Two facets of Equality
1. Equality before law
2. Equal protection of laws
Doctrine of Reasonable Classification
a. Intelligible or rational differentia made by law
b. Such differentia must have a relation with the
object sought to be achieved by that law.
e.g. age, sex, language, social-cultural background,
religion, health condition etc…
There is no exhaustive list of such differentia, it all
depends on the place, time and need, few
illustrations can be looked into;
A. I. I. M. S. Students Union v. A. I. I. M. S (2002) 1 SCC 428
For the admission to PG courses A. I. I. M. S. has reserved 40% of
seats to its own graduates irrespective of their performance in
the entrance test. All other outside candidates has to secure
merit in the entrance test.
This rule was struck down and observed that it is not a reasonable
classification to completely neglect the performance of its own
graduates. There shall be minimum criteria for them also
otherwise it will suppress merit. The SC held that there shall be
only 25% of seats reserved for its own students and that too
they have to obtain uniform minimum qualifying marks in the
entrance examination.
Chiranjit Lal Chaudhary v. U o I AIR 1951 SC 41
The petitioner was an ordinary shareholder of the Sholapur
Spinning & Weaving Co. Ltd. The company through its
directors had been managing and running a textile mill of
the same name.
In 1949 on account of mismanagement & neglect of the
affairs of the Company, a situation had arisen that brought
about the closing down of the mill.
The action of the company prejudicially affected the
production of an essential commodity, apart from causing
serious unemployment amongst certain sections of the
community.
The Central Govt thereupon issued an Ordinance which was
later replaced by the Sholapur Spinning & Weaving Co
(Emergency Provision) Act, 1950. By this Act, the
management & administration of the assets of the Company
was placed under the control & directors appointed by the
Govt.
The old directors were dismissed and the assets of the Company
were handed over to the custody of the new management.

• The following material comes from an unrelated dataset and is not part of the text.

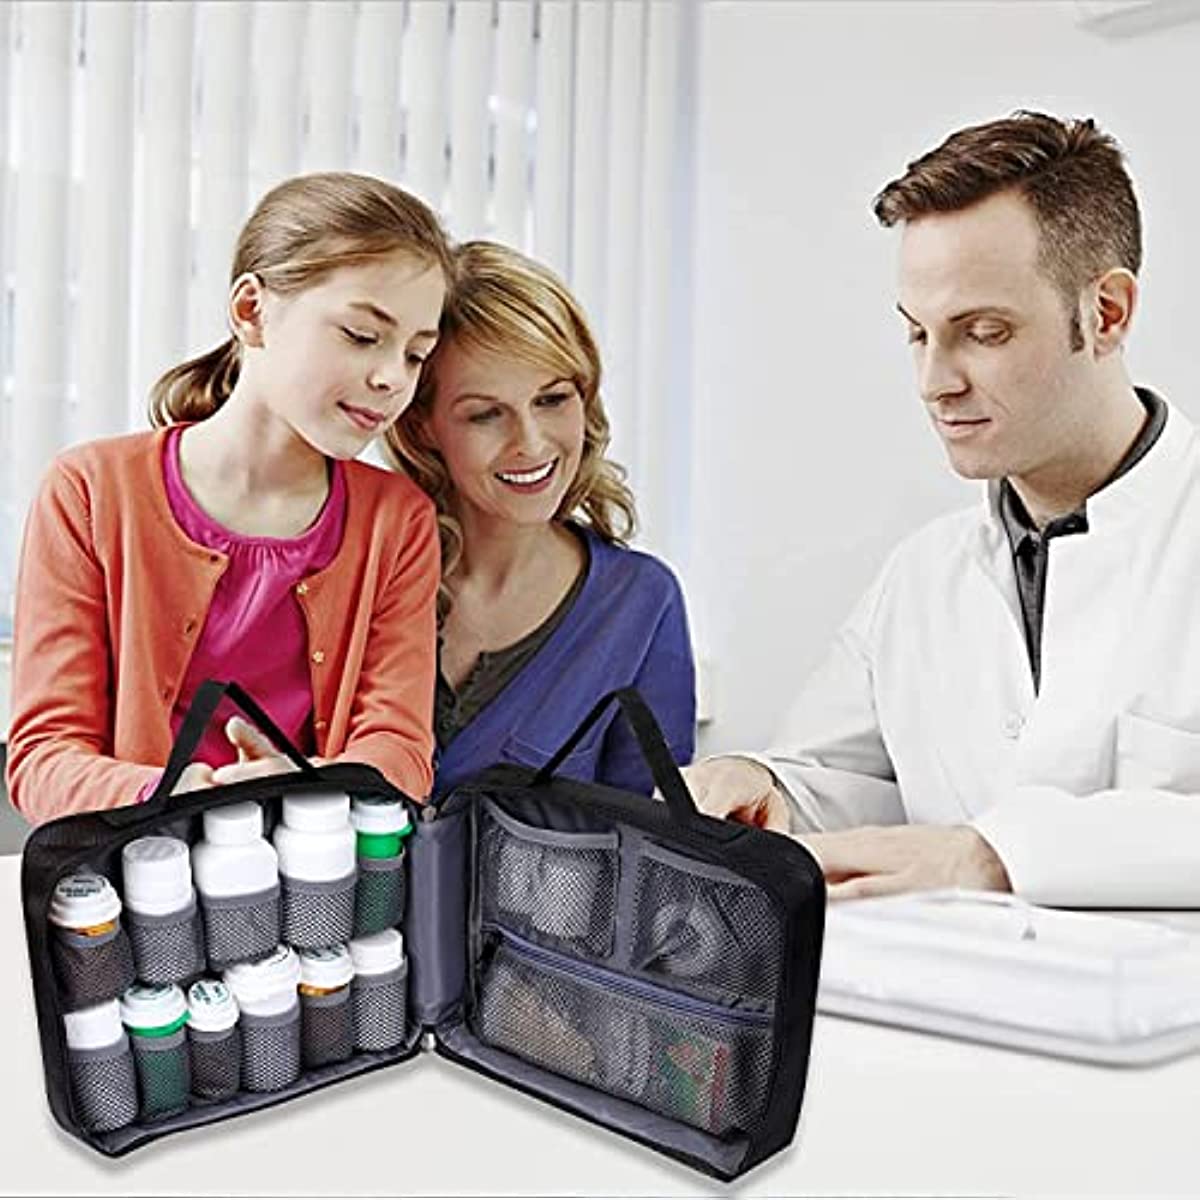 Pill Bottle Organizer, Medicine Bag Storage Medication Pill Box Case with Handle & Fixed Pockets, Travel Medicine Storage Box Bag for Vitamins, Medications, Medical Supplies, Large, Black

Petitioner contended that the impugned Act infringed right to
equality guaranteed u/Art 14 of the constitution vis-à-vis
other companies and their shareholder.
Petitioner approached the SC for the protection of his FR u/ Art
14, 19 (1) (f) & 31 against the enforcement of the Sholapur
Spinning & Weaving Co (Emergency Provision) Act, 1950.

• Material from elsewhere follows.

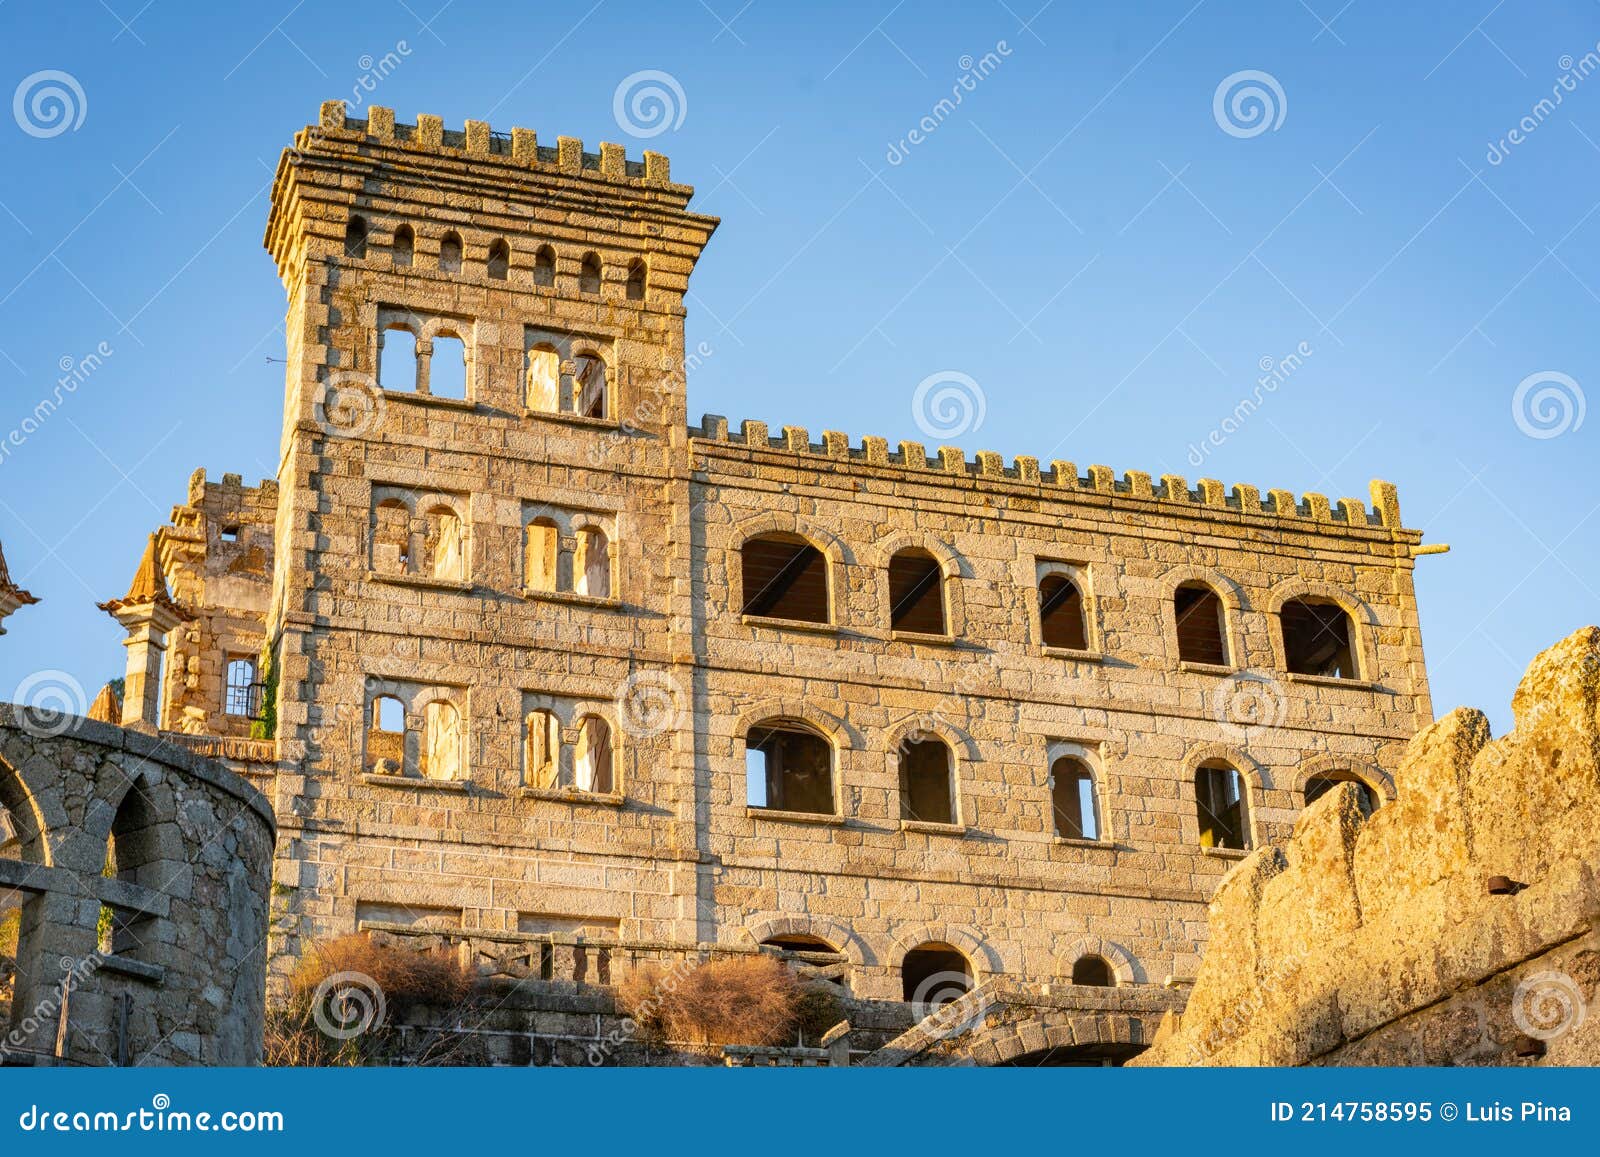 abandoned ruin building of termas radium hotel serra da pena in sortelha, portugal

SC dismissed the petition and held that a law may be
constitutional even if it applies to a single individual if, on
account of some special circumstances or reasons
applicable to him and not applicable to others, that single
individual may be treated as a class by itself and that
unless that it was shown that there were other companies
similarly circumstanced, the legislation must be presumed
to be constitutional.
Sholapur Co formed a class by itself because the
mismanagement of the Company’s affairs prejudicially
affected the production of an essential commodity & had
caused serious unemployment in a section of the
community.
State of W. B. v. Anwar Ali Sarkar AIR 1952 SC 75
The respondent and 49 other persons were charged with various offences alleged
to have been committed by them in the course of their raid as an armed gang
on Jessop Factory at Dum Dum.
They were convicted and sentenced to varying terms of imprisonment by the
Special Court to which the case was sent for trial by the Governor of West
Bengal by a notification dated 26th January, 1950, in exercise of the powers
conferred by section 5 (1) of the WB Special Courts Act 1950.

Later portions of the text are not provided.